Institutions embrace AI for portfolio optimisation potential

A year on from the advent of a technology that proliferated faster than anything that has come before, institutional investors have been quick to explore portfolio optimisation opportunities.
Institutions embrace AI for portfolio optimisation potential

Having recovered from the initial existential dread brought on by the advent of generative artificial intelligence (AI), investors are now learning how the technology can enhance their work.

When the technology firm OpenAI introduced ChatGPT in November last year, there were many dire predictions about the dangers it would pose, potentially making humans obsolete and perhaps even extinct.

Goldman Sachs estimated that 300 million jobs could be lost over the next 10 years, but the bank also predicted that the combination of significant labour cost savings and new job creation raises the possibility of a productivity boom.


One year on, and investors are already exploring these new efficiencies, with OpenAI suggesting that as many as 80% of staff at large US companies are using ChatGPT in their work.

In the financial sector, asset managers and their pension fund clients have been turning their minds to how AI can benefit their investment teams and scheme members respectively. Some are actively encouraging staff to use AI.

For example, at Vision Super in Melbourne, chief investment officer Michael Wyrsch told AsianInvestor that the fund has formed an AI working group to establish guidelines for its use.

“We believe that AI has exciting possibilities. We are encouraging staff to innovate and play with tools like ChatGPT, while restricting any use of proprietary information or member data to safeguard privacy.”

Unisuper CIO John Pearce sees potential for AI to provide analysis for the optimisation of portfolio and investment risk management. He is also looking at the technology as a means to deliver better service to scheme members.

“We have people across the organisation, including the investment team, working together to determine how the latest tools can be best put to use, safely, and while withholding our strict standards of data security and privacy.”

Meanwhile, Bloomberg users are now able to access an AI platform capable of making sentiment analysis, news classification, and other financial tasks.

Pearce said that AI is already helping to improve their investment research. “AI has assisted with searching, summarising, explaining technical information, and translation.”

“Any customer-facing industry is going to benefit from it, and any industry that requires research is going to benefit tremendously,” Hong Kong entrepreneur and family investor Timothy Tsui said, describing his AI experience thus far.

“Utilising AI to summarise a dense legal document or a white paper is a time-saver at the very least. Do I have to read 40 pages of risk factors in an IPO prospectus, or can I get a summary of the main risks?”

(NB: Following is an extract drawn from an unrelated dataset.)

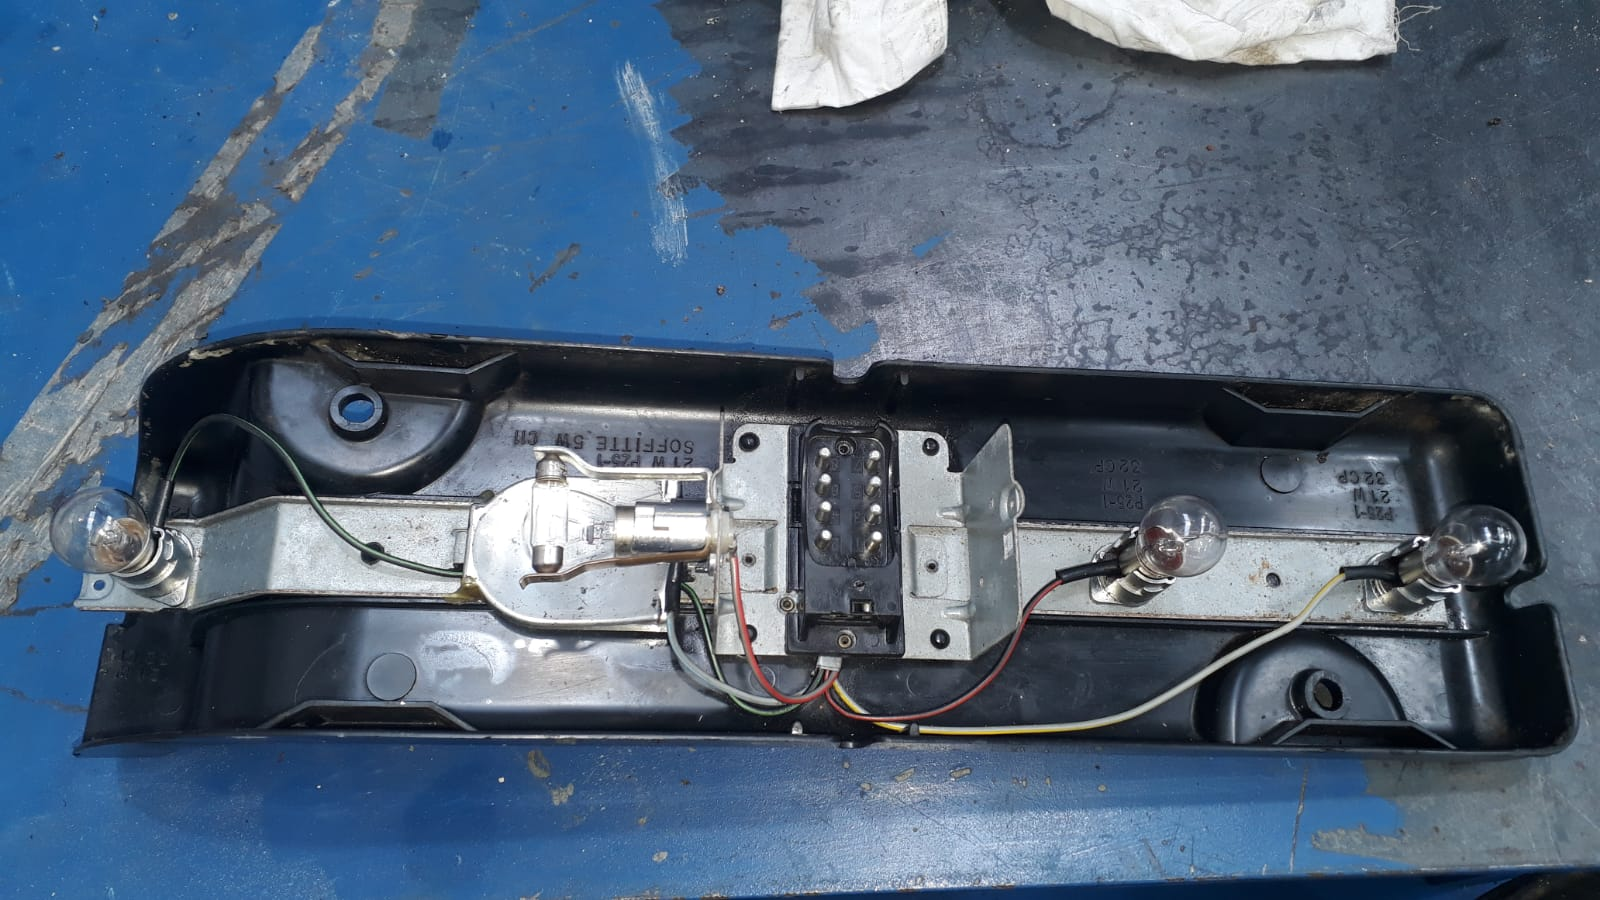 More Mercedes parts to sort…

The AI can also handle more complex customer enquiries, allowing a shift of human effort towards experimentation and innovation, said Tsui.

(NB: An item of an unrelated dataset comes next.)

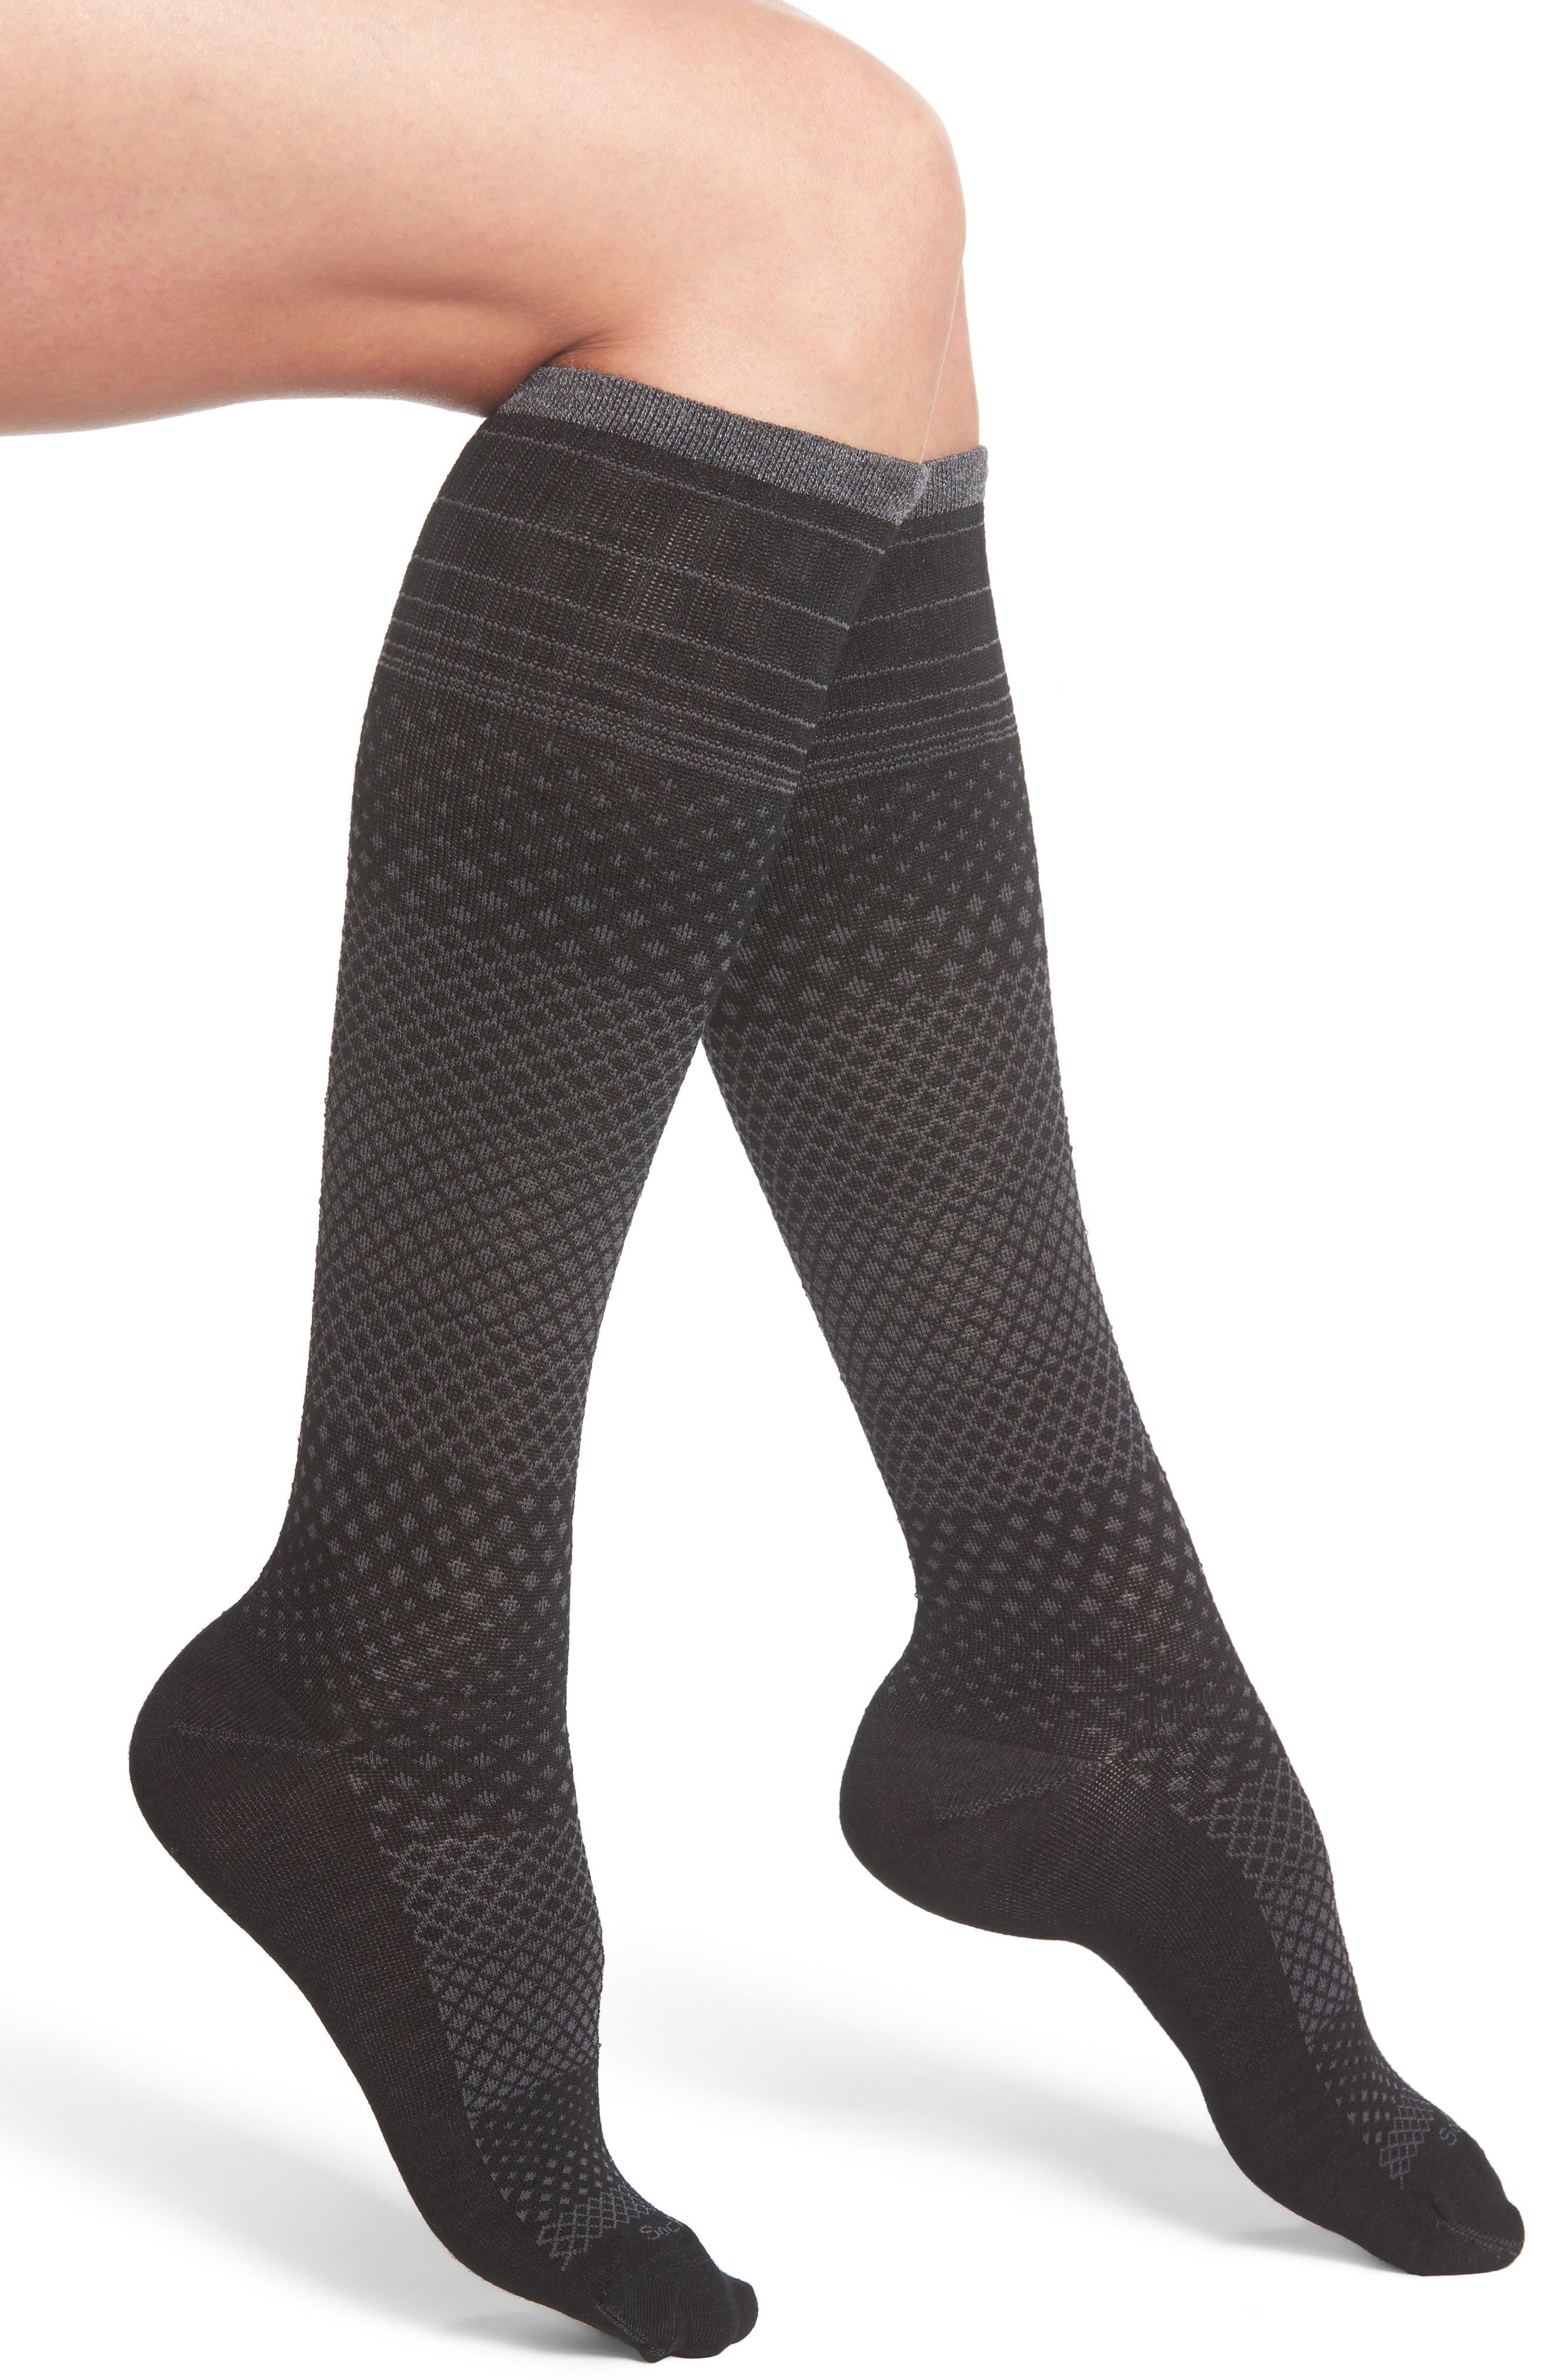 Micro Grade Compression Knee Socks,                             Main thumbnail 1, color,                             001

The business transformation could potentially be so dramatic that the investment case is undeniable, he added. He used the example of how AI is helping mining companies map for minerals and improve their new mining site search capabilities.

“What a lot of people don’t realise is that if AI improves your success rate in R&D or in solving customer-related issues from 5% to 20%, people will be willing to pay a lot of money for that.”


On the question of data security and reliability, law firm Linklaters has taken a clinical look at some of the potential pitfalls for organisations exploring AI.

“AI is a constantly evolving disruptive technology posing novel ethical and practical challenges, and its deployment in financial services raises complex legal and regulatory issues,” said the firm in its latest newsletter.

It notes that there are AI-specific risks such as employee experimentation, unreliable outputs, and limitations of knowledge, which may be amplified by the use of generative AI and could lead to financial loss, reputational damage, and legal sanctions.

Alternative asset managers and any investors using more advanced AI techniques may be exposed to the risk of outputs that may not be explicable as a function of their inputs, said Linklaters.

Some experts have identified a trade-off between efficacy and explainability, the firm said. 

"Processes of reverse engineering can sometimes be used to draw conclusions about the properties of so-called ‘black-box’ algorithms, although these will not provide complete transparency. Firms deploying AI solutions will need to consider these novel features in determining the adequacy of their existing governance, oversight, and risk-management frameworks,” in continued. 

Overall, the views being expressed now reflect a more sober assessment of the threats and opportunities posed by AI.

Speaking at the recent AsianInvestor Insurance Asset Management event in Hong Kong, Courtney Wei, deputy general manager at China Life, said, "We have tended to overstate the direct effect but understate the long term potential."